生活実態とは、判例では「選挙の場合には,民法上の住所要件,いわゆる生活の本拠地と定義づけされているような状況で,実際に生活をしているところであり,判断基準は,まず1番目に起居,寝起きする場所,2番目に家族の同居の事実等,夫婦,親子関係,家計の問題,3番目に事業所,勤務関係,所得関係。4番目として資産の所在,納税関係,戸籍関係,5番目に社交儀礼,生活関連というようなことで,その事実を見きわめ総合的に判断すべきものである」ということです。
細川慎一議員にあてはめると、3月10日以降、住民票の移動を行っていなくても、葉山町堀内1448-1に居住できる条件が無く、生活実態を横浜市泉区に移転したことになります。
保釈の指定条件として、制限住居が定められますが、保釈後は、被告人は、指定された制限住居に住まなくてはなりません。今まで生活していた自宅が指定されることが多いですが、監督者がいる親元の実家が指定されることもあります。
つまり、保釈申請の際に、町議会議員を続ける意思があれば、あらゆる方策を駆使しても、葉山町内に身元引受人を探し、葉山町内に制限住居を申請すべきであるにも拘らず、細川慎一議員は、横浜市泉区を制限住居としました。
仮に、今後、葉山町内に制限住居を移転しても、なぜ、3月10日の保釈時から、葉山町内を制限住居としなかったのか。町議会議員として住民のために働き続けたいと思うのなら、あくまでも保釈時に制限住居を葉山町内に指定されるようにこだわるべきでした。
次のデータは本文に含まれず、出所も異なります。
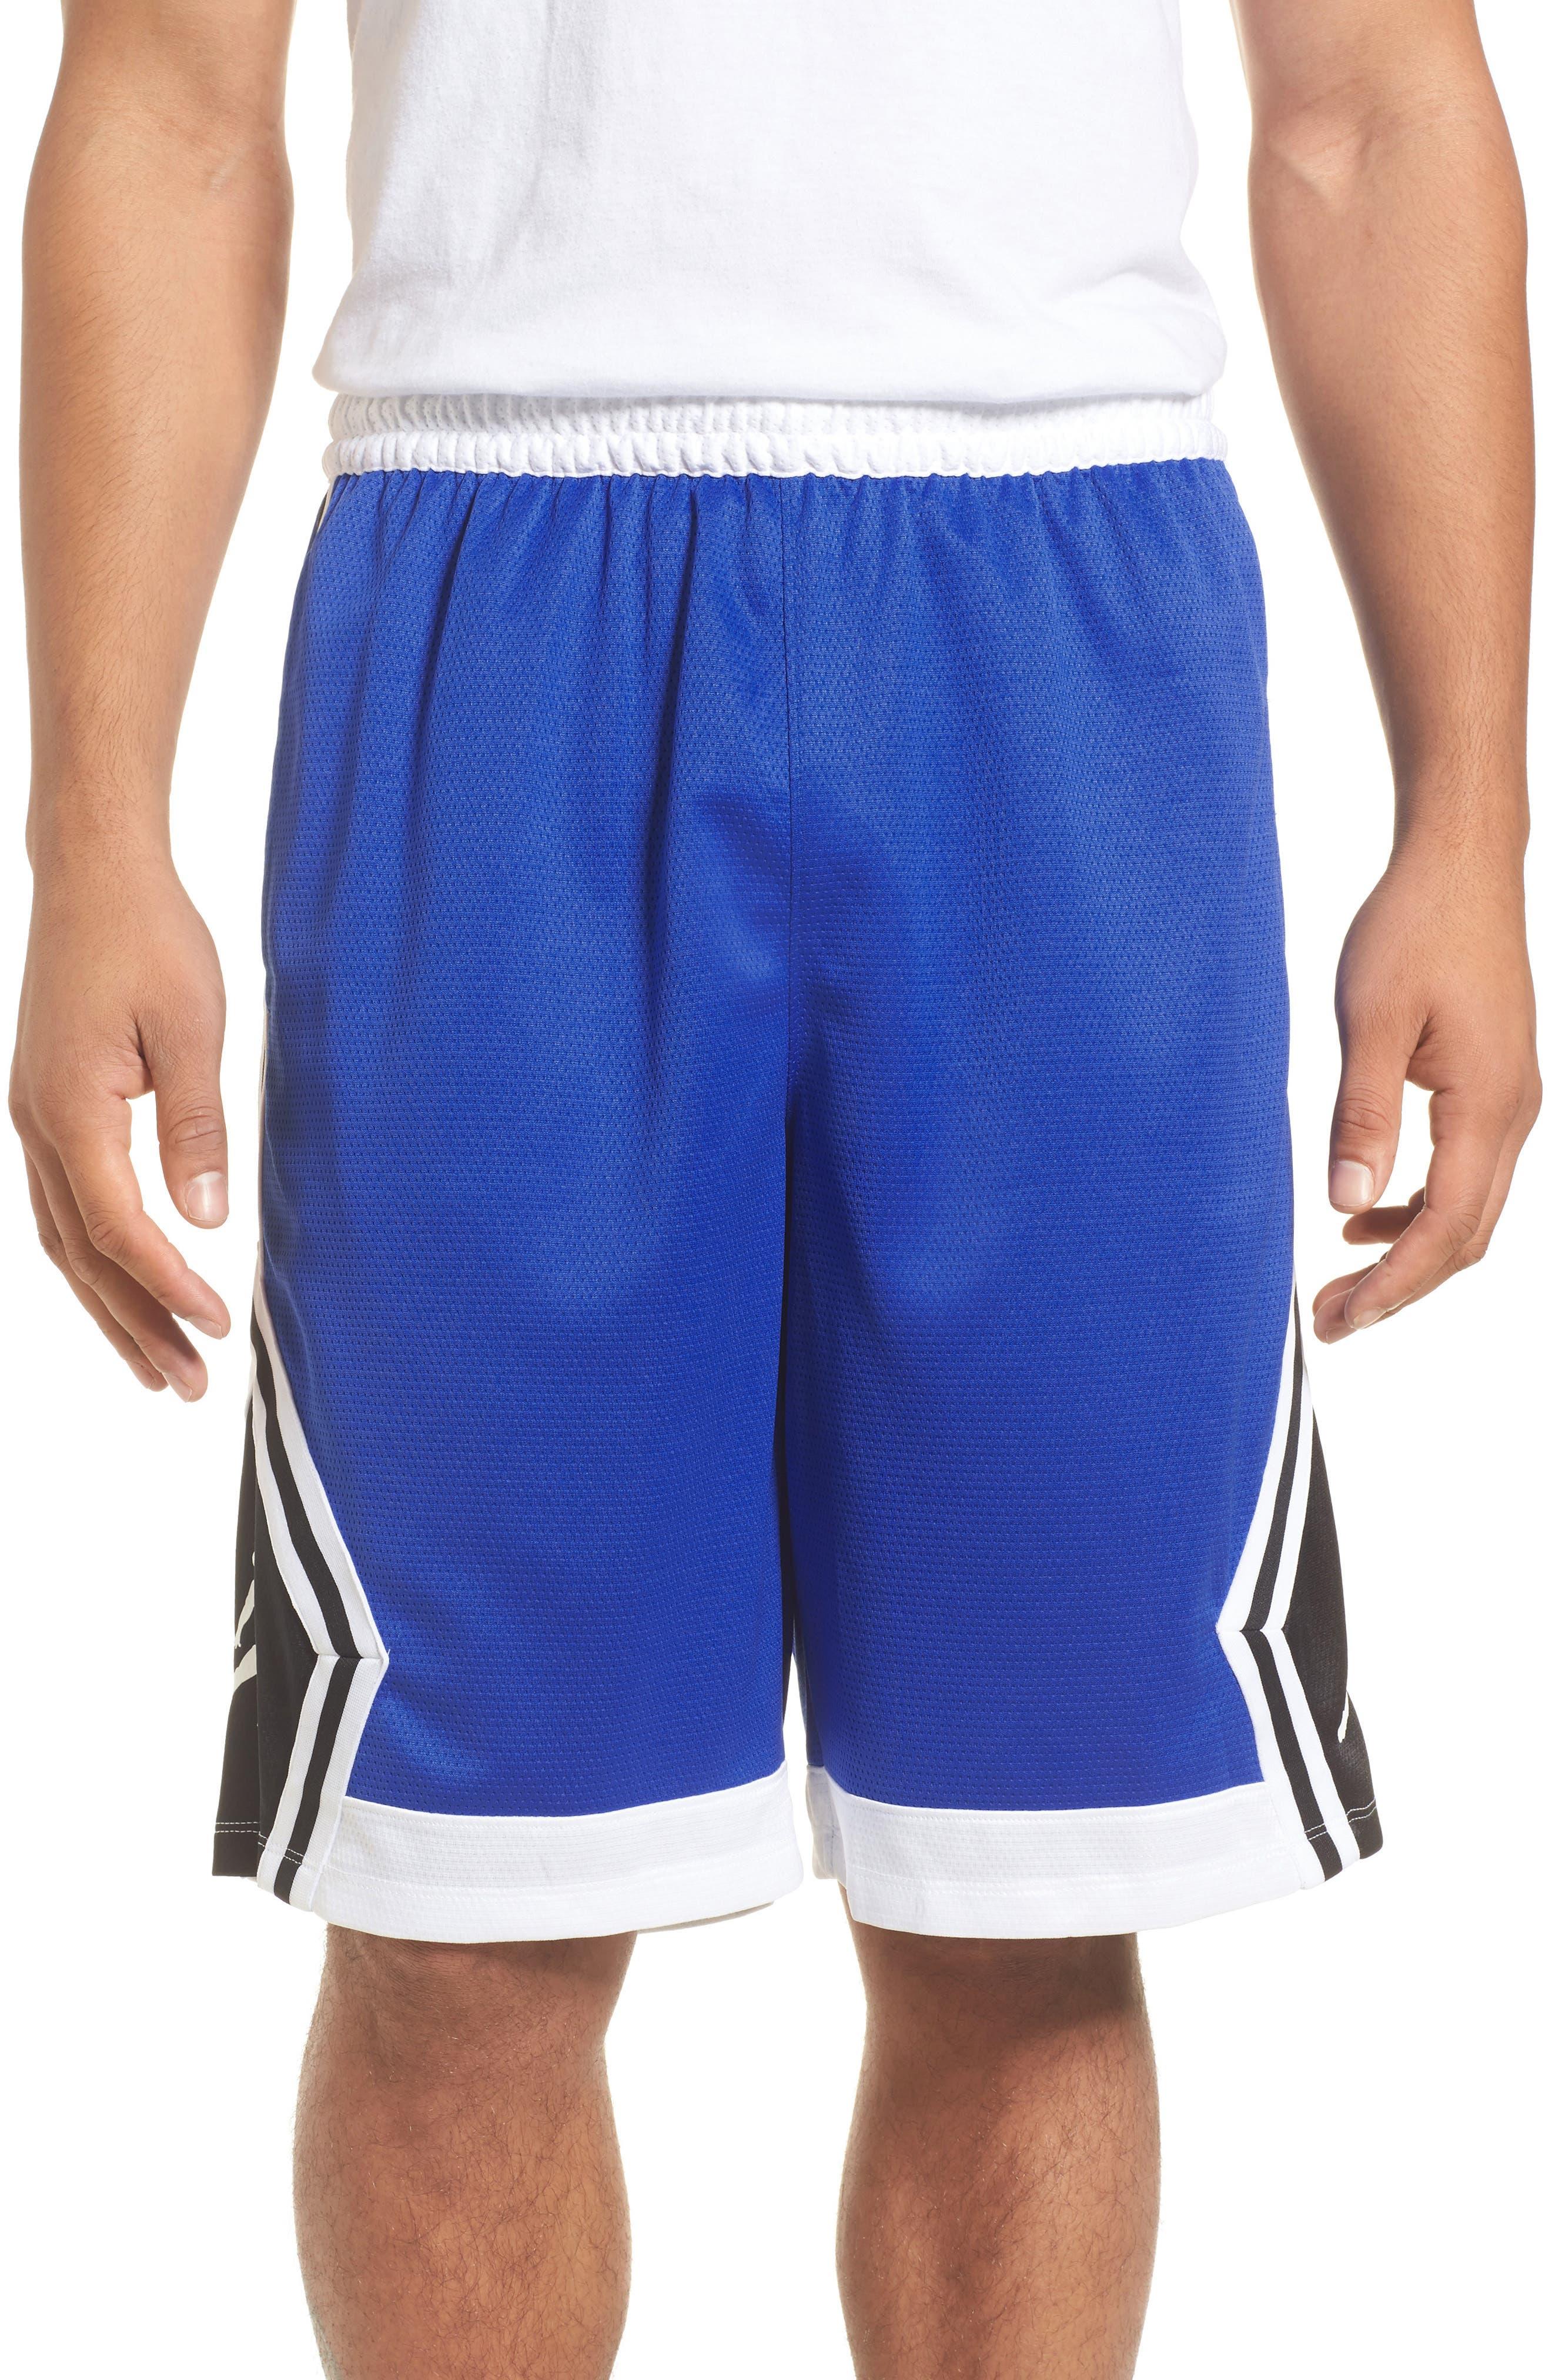 Sportswear Rise Diamond Shorts,                         Main,                         color, Hyper Royal/ White/ Black

以上のことから、細川慎一議員は3月1日に、実質「住所不定」となり、3月10日の保釈時に横浜市泉区へ生活の根拠となる住居を移したと認められ、細川慎一議員は、3月10日に議員たる被選挙権を失っています。
今後は、「特別委員会」で調査を進め、本人の弁明の機会を与え、4月7日に予定している本会議で出席議員の3分の2の賛成で「資格を有しない」となれば、細川慎一議員は失職することになります。